Diese Frames sind wieder in Multiframes gebündelt, von denen es zwei Typen gibt, die entweder 26 oder 51 TDMA-Frames enthalten. Eine Art Multiframe enthält 24 Verkehrskanäle (Traffic Channels, kurz TCH) und zwei Kontrollkanäle (Slow Associated Control Channels, SACCH), die jedes im Gang befindliche Gespräch überwachen. Ein SACCH enthält acht Kanäle für jede Verbindung, die die Verkehrskanäle tragen. Zusätzlich gibt es noch den schnellen Kontrollkanal, der über keine eigene Übertragungskapazität verfügt, sondern sich diese einfach von einem der Verkehrskanäle nimmt. Dieser Kontrollkanal (Fast Associated Control Channel bzw. FACCH) überträgt die Daten für die Sendeleistungskontrolle und für das Handover zwischen den einzelnen Mobilfunkzellen. Es gibt noch eine Reihe weiterer Kontrollkanäle: AGCH (Access Grant Channel), BCCH (Broadcast Control Channel), CCCH (Common Control Channel), PAC (Paging Channel), RACH (Random Access Channel) und SDCCH (Stand-alone Dedicated Control Channel), die für die diversen Kontrollaufgaben zuständig sind.

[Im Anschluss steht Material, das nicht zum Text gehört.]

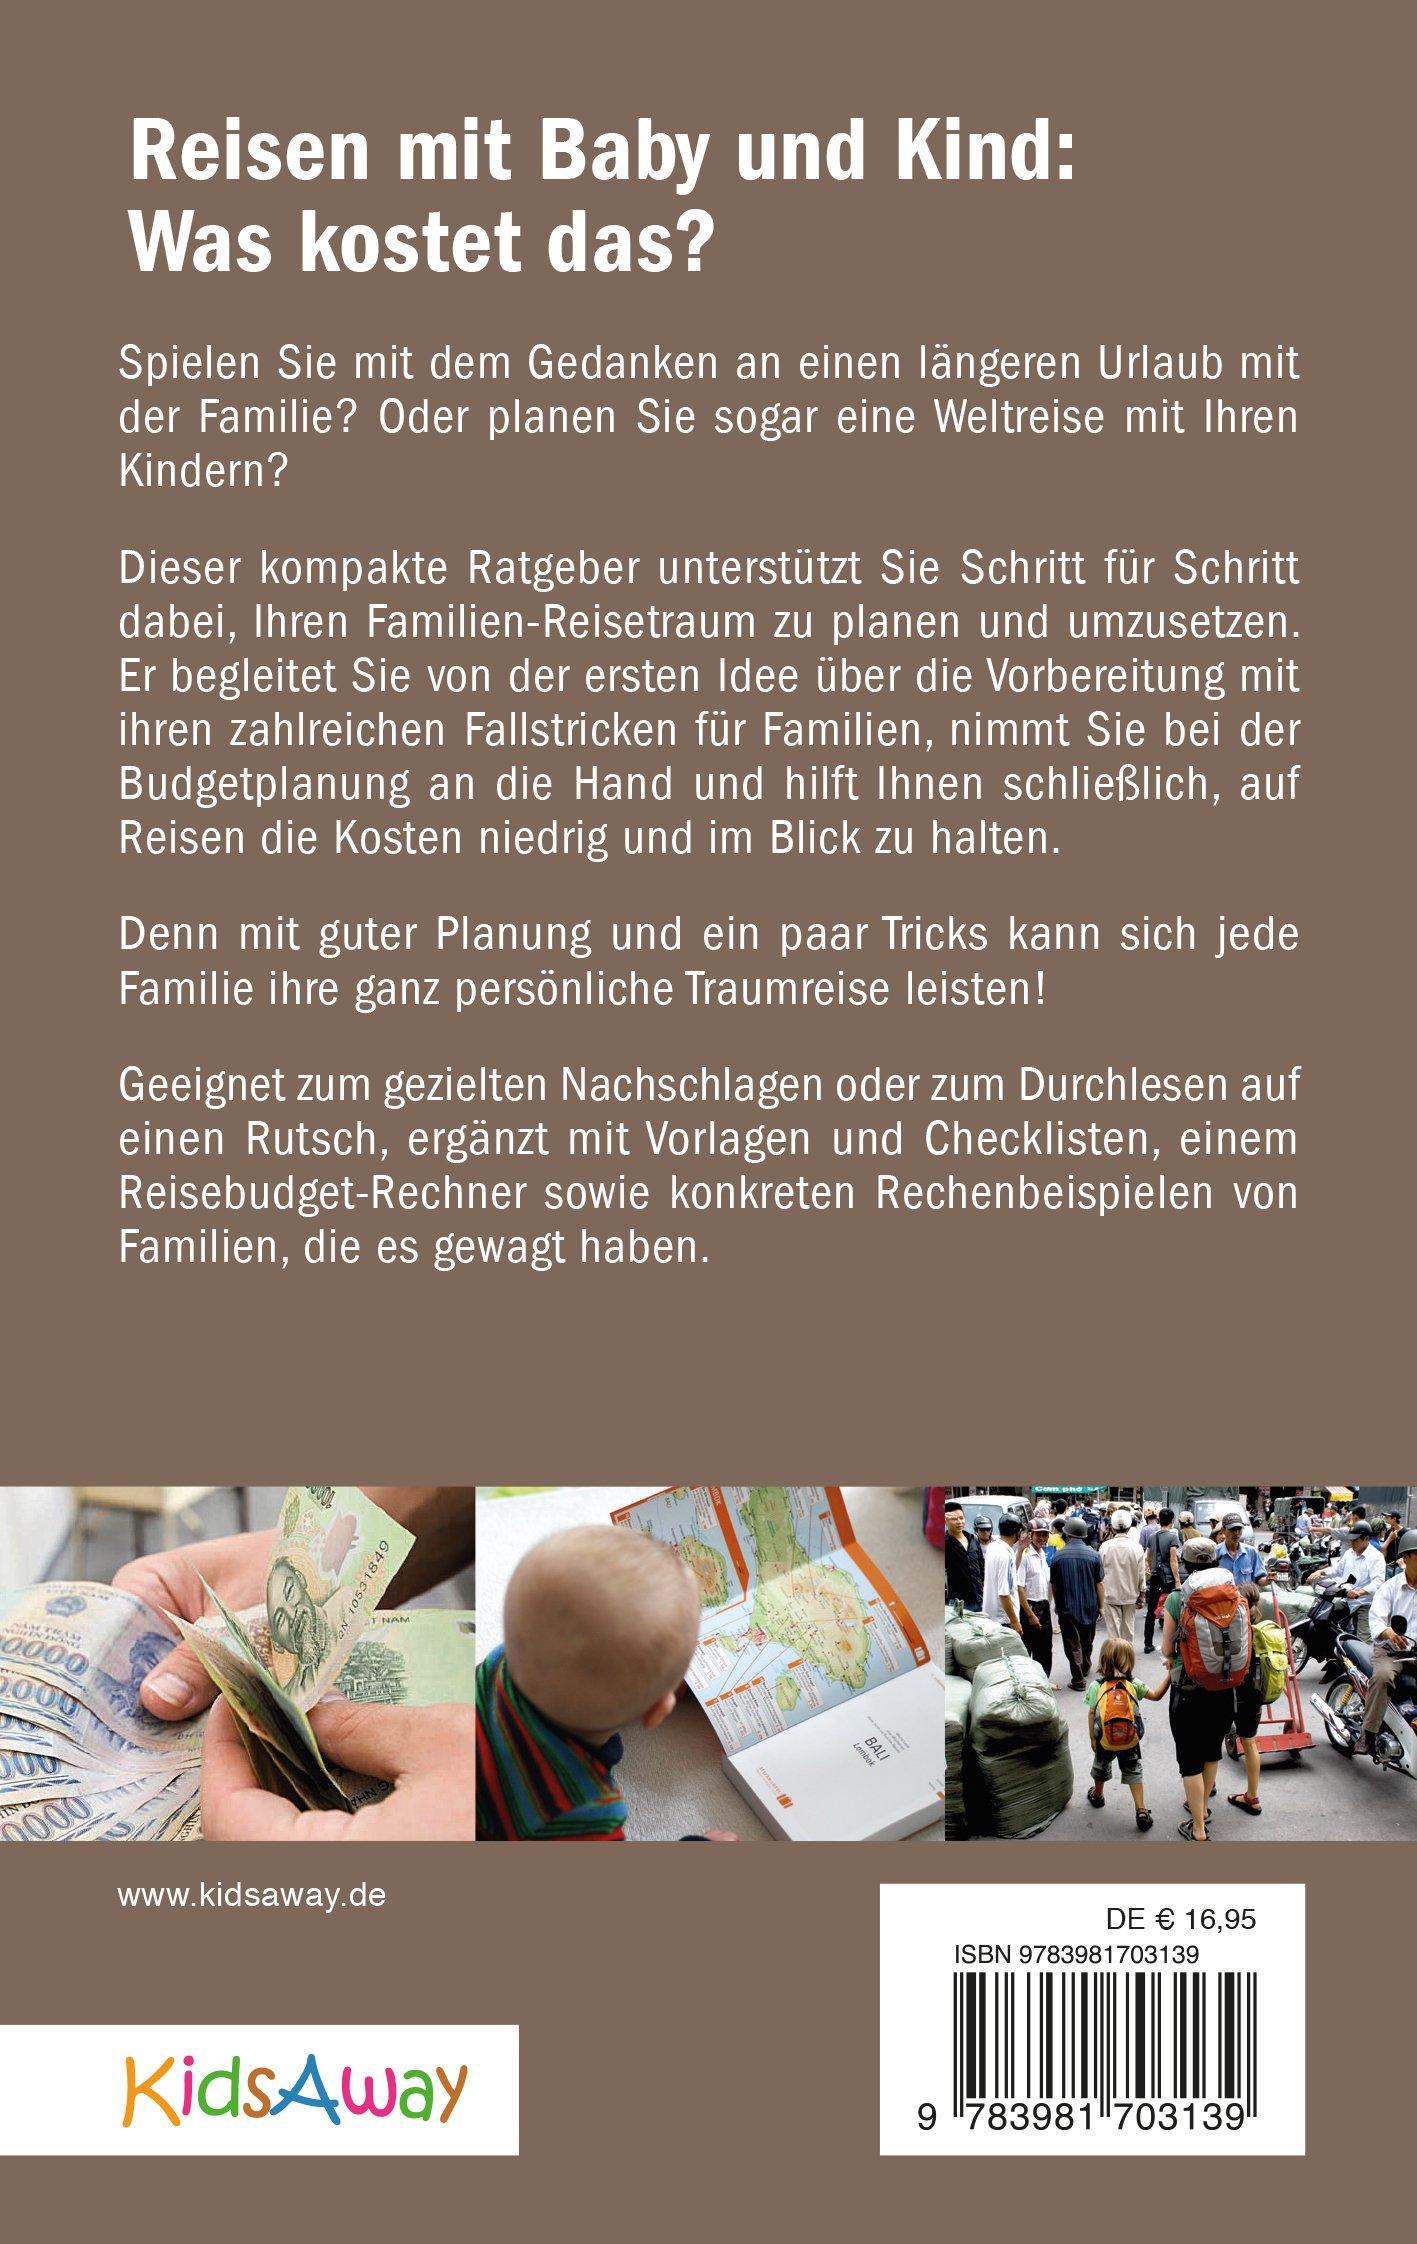 Reisebudget-Planung für Familien - Cover Rückseite © KidsAway.de

Kehren wir wieder zu den Zeitschlitzen, die das Signal übertragen, zurück: Die acht Zeitschlitze kann man sich auch so vorstellen, daß das Handy bzw. der Sender immer nur einmal "aufblitzt" - Ein "Burst" (wörtlich "Ausbruch") wird gesendet. Den Rest der Zeiteinheit sendet das Gerät nicht. Einer der Vorteile des Zeitschlitzverfahren (TDMA) liegt darin, daß es möglich wird, Frequenzen in geringerer Entfernung wiederzuverwenden, ohne daß die Gefahr von Interferenzen entsteht. Im Endeffekt können mit dem vorhandenen Frequenzspektrum mehr mobile Telephonierer bedient werden.

Paging

Eine wichtige Methode, den "Saft" im Akku möglichst wenig zu verbrauchen, ist der unterbrochene Empfang im Handy - vor allem dann, wenn man nicht spricht. Während man mit dem Handy unterwegs ist, muß das System ja wissen, ob der Teilnehmer noch da ist bzw. wo es ihn im Falle eines Anrufes erreichen kann. Daß eine ununterbrochene Verbindung zwischen Handy und Base-Station nicht unbedingt sinnvoll ist, dürfte aus dem vorher Gesagten klar sein. Außerdem braucht man ja keinen vollen Sprachkanal. Hier kommt der bereits erwähnte PAC (Paging Channel) ins Spiel. Die Base Station benutzt diesen Kanal einerseits um dem Handy mitzuteilen, wie oft es angepiepst werden wird, und andererseits zum tatsächlichen Anklopfen. In den Zeiten zwischen den einzelnen "Pages" kann das Handy in den Einschlafmodus ("Sleep-Mode") gehen und verbraucht so weniger Energie. Das erklärt auch, warum das gleiche Handy in verschiedenen Netzen einen unterschiedlichen Stromverbrauch aufweist. (Das Problem zwischen den neuen ONE-SIM-Karten und dem Nokia 6150 ist aber ein anderes!)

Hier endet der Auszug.